A mãe me mandou mensagem bendizendo a Deus. Emocionei-me com ela. São tantas as suas orações. Mulher de fé, de olhar voltado para o Céu.

O dia a dia, desde pequenina, lhe tirou tantas coisas! Foi no percurso, para conhecê-la no hospital, que o acidente levou o pai. A mãe foi cinco anos depois. A irmã com o marido, de situação financeira difícil, acolheu os irmãos. A menina era de idade semelhante à da prima.  Estavam com nove anos quando saíam pelos arredores e no centro, para conseguir um pouco de alimento. Poderia ser mesmo dos latões de lanchonete e restaurante, que guardavam na latinha de cera. A mãe trabalhara de faxina e o pai de ajudante de caminhão. Não tiveram pensão os filhos menores e ainda ficou, da mãe, o último aluguel dos cômodos em que moravam na viela.

Estudaram um pouco. Brincaram tão pouco quanto estudaram. Gostavam, no dia de chuva forte, percorrer as ruas na sarjeta. Era ali que também colocavam barquinhos de papel feitos pela irmã mais velha, imaginando que chegariam em algum porto de terras encantadas. No Natal, os barquinhos eram de papel colorido.

Levavam a vida de acordo com as possibilidades. E por serem viáveis para jovens inescrupulosos que desejavam exercer sua masculinidade sem caráter, tornaram-se presas fáceis em troca de pastel, bombom, bolo com creme...

Para ela e mais gente sua, eram para consumo. Fazer o quê? Consideravam que "sair da linha" era culpa delas. Ah, meu Deus, nesse mundo com tantas diferenças sociais! Não tinham e continuam não possuindo consciência da imensa cratera que existe entre os empobrecidos e os com melhores condições econômicas, a respeito de oportunidades.

Foram assim empurradas para troca com suas carnes, que jamais lhes deu condições de viver dignamente. Empurradas para ser prazer por momentos. Uso e abuso.

Por sua fé – jamais a perdeu -, ela me lembra o que disse Dom Hélder Câmara: "Aceita as surpresas que transformam teus planos, derrubam teus sonhos, dão rumo totalmente diverso ao teu dia e, quem sabe, à tua vida. Não há acaso. Dá liberdade ao Pai, para que Ele mesmo conduza a trama dos teus dias".

Para os filhos, no entanto, sonhou uma vida diferente. As brechas para o ilícito, porém, são inúmeras com propaganda do consumismo, do poder, do trato das angústias nas drogas... Conseguiu lhes dar um tempo maior de estudo do que o seu, mas o filho se enturmou com os de pouca chance como ele.

Nesse ritmo frenético, o moço, junto com a companheira, de conseguir e usar, de usar e conseguir com medo da abstinência, não voltou para sua aldeia. Soube-se, tempos depois, que estava em um estabelecimento penal. Mas em qual se questionava a mãe há quase um ano. Em todos os momentos de prece, ele ergue os braços ao Céu, querendo notícias do filho.

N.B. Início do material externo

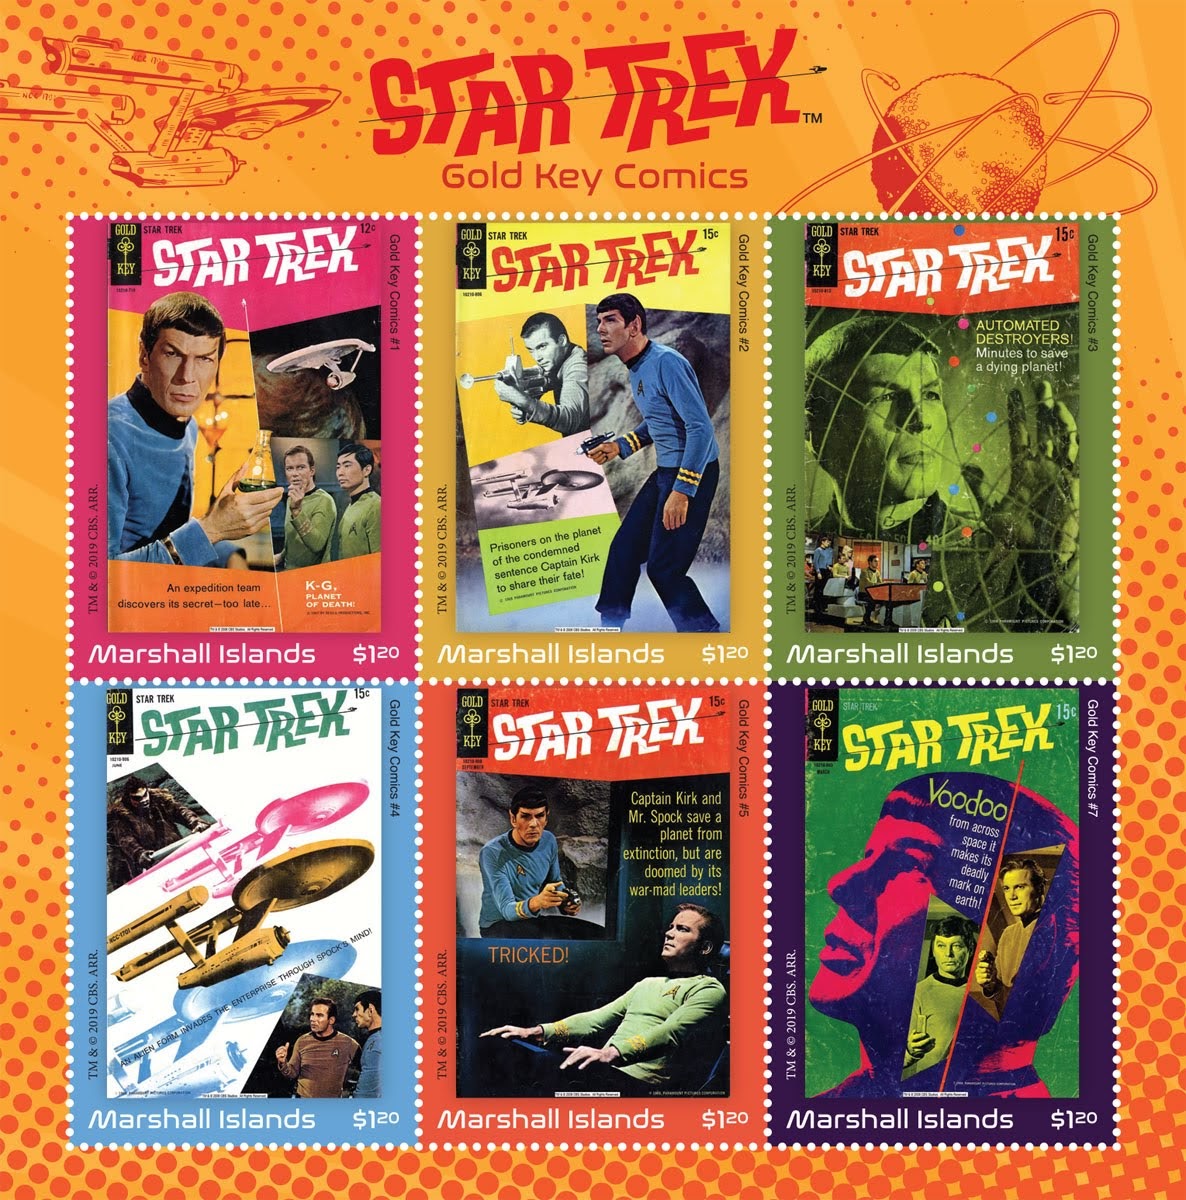 Star Trek stamps from Marshall Islands

Mandou-me mensagem, como comecei o texto, bendizendo a Deus. A mãe de outro detento se encontrou com o filho dela e lhe trouxe uma carta. Alegria imensa em saber que o filho não consta de lista de desaparecidos ou mortos. Entrará em contato com ele e lhe mandará, primeiro, o "Deus te abençoe" costumeiro.

Seu coração se abriu em esperança nova para o retorno do filho. Gente que realmente se coloca nas mãos do Senhor, que é bom e fiel.

Maria Cristina Castilho de Andrade é professora e cronista (criscast@terra.com.br)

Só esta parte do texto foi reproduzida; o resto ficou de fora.